HAAM is an elevated, fine dining plant-based Caribbean restaurant. That’s pretty innovative! Tell us how you got started.
At the age of 17, I discovered the impact of veganism and embarked on a 13-year journey from vegetarianism to full veganism. Over the last 17 years, my mission has been to bridge the education gap in my community. From blogs to YouTube recipes, I found my calling after losing my mother to cancer in 2018. Putting delicious vegan food in front of customers became my way of raising awareness. Three years later, here we are with a unique restaurant, a fusion of Dominican and Trinidadian, representing the vibrant flavors of the Caribbean.
Food pairings are traditionally around meat and booze (e.g. red meat with red wine). Could you give a beginner some insight into how you would pair your vegan food with NA cocktails?
Certainly! At our fully vegan restaurant, we embrace the art of pairing plant-based dishes with exquisite non-alcoholic cocktails. Just as traditional pairings complement flavors, our focus is on enhancing the diverse and vibrant tastes of our vegan menu. For example, the richness of spices in our Bus Up Shut Roti plate might find balance with a zesty ginger dry cocktail, while our refreshing Strava Cream could elevate the flavors of one of our fresh salads. It's about creating harmonious combinations that highlight the nuances of each dish and drink, offering a delightful and innovative dining experience for both vegans and those exploring plant-based cuisine for the first time.

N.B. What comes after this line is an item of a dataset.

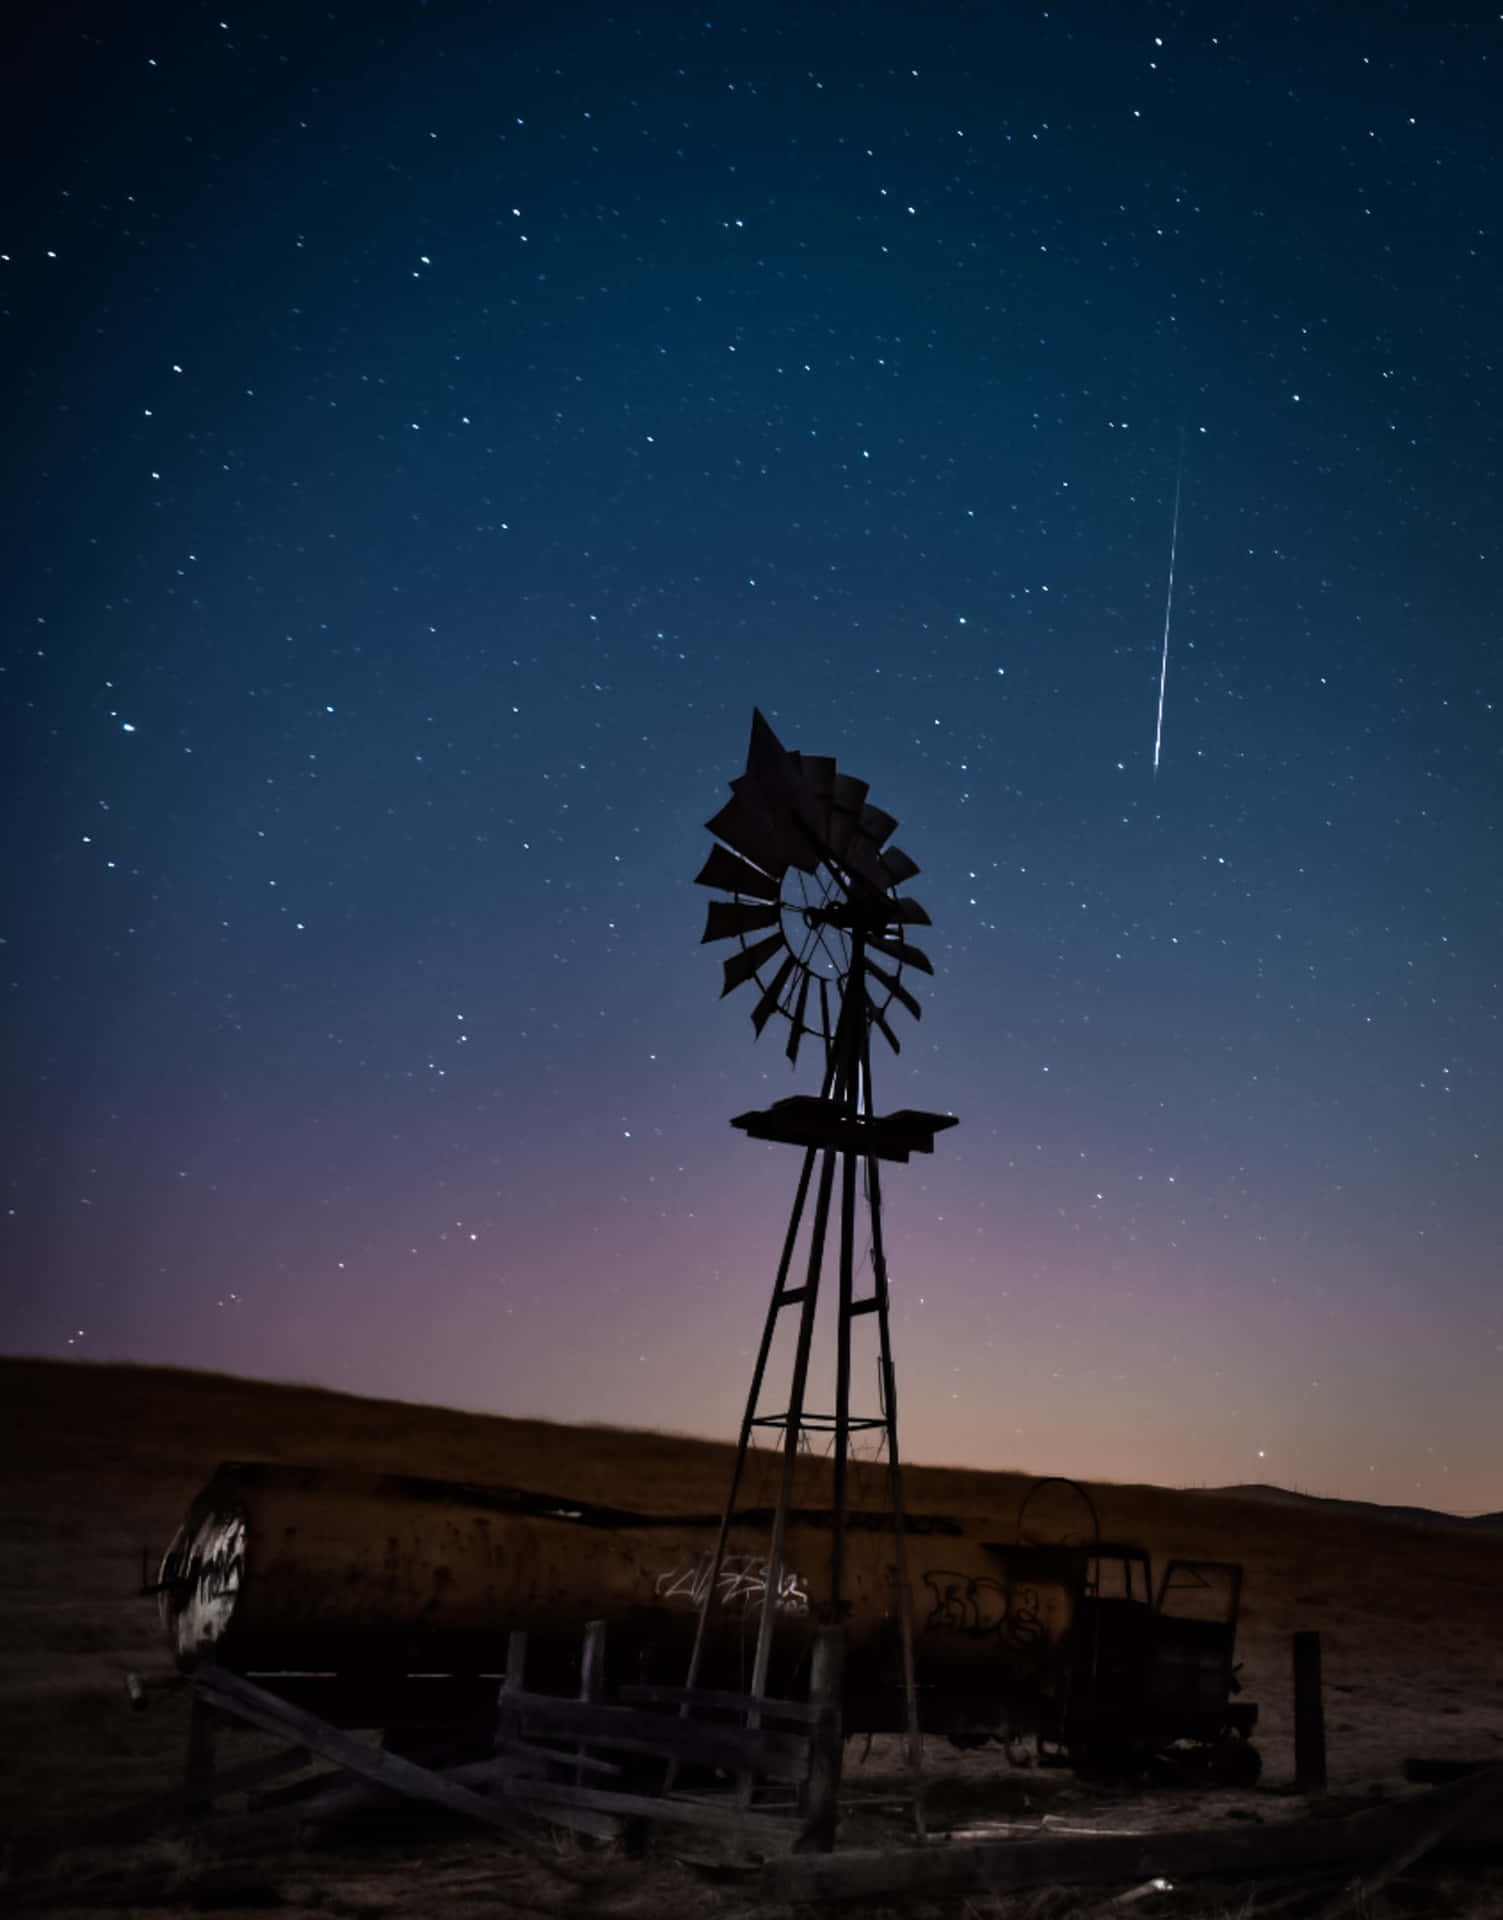 Stunning Meteor Shower in the Night Sky Wallpaper

Do you have a favorite food and NA cocktail pairing?
My absolute favorite is to start off with our Palo Santo dry cocktail made with the Three Spirit Nightcap and indulge in our Chimichurri Chunk Steak.
We’re delighted to be your featured NA cocktails. You’ve chosen not to have a liquor license - what informed that decision?
While we hold a beer/wine license, our commitment to diversity extends beyond our food menu and into our bar program. Ensuring inclusivity has always been a priority for our restaurant. We take pride in providing an inclusive space where everyone can find options tailored to their preferences, both in our culinary offerings and at the bar. Our dedication to diversity is not just a part of our menu; it's the essence of our establishment, inviting all to indulge in a rich tapestry of flavors and choices.
What’s been the greatest challenge so far?
In our first month of operation, the challenges of launching a new business have been both rewarding and demanding. Building the right team to bring our vision to life has been a crucial yet intricate process. Balancing financial considerations to keep the business afloat adds another layer of complexity. However, the most significant challenge lies in the limited flexibility to spend time with my family. Navigating these hurdles requires resilience, but the journey is driven by the passion to create something meaningful and enduring.
Tell us three people that should be on our radar. Who inspires you?
Y: My husband Randy Ramdass, Chef Guy Vaknin and Chef Kwame Onwuachi.
Finally, what sort of people are you seeing responding to this movement? Who would you say your restaurant is for?
While my restaurant is open to everyone, I've been truly delighted to witness a significant turnout from the Caribbean community. There's an immense joy in having one's own people enthusiastically support the vision behind the restaurant. It's incredibly fulfilling to see our community embrace and thrive within the realm of vegan dining. The shared enthusiasm for plant-based cuisine is not just about food; it's about fostering a sense of community and shared values, creating a space where our Caribbean identity is celebrated within the vibrant tapestry of the growing vegan community.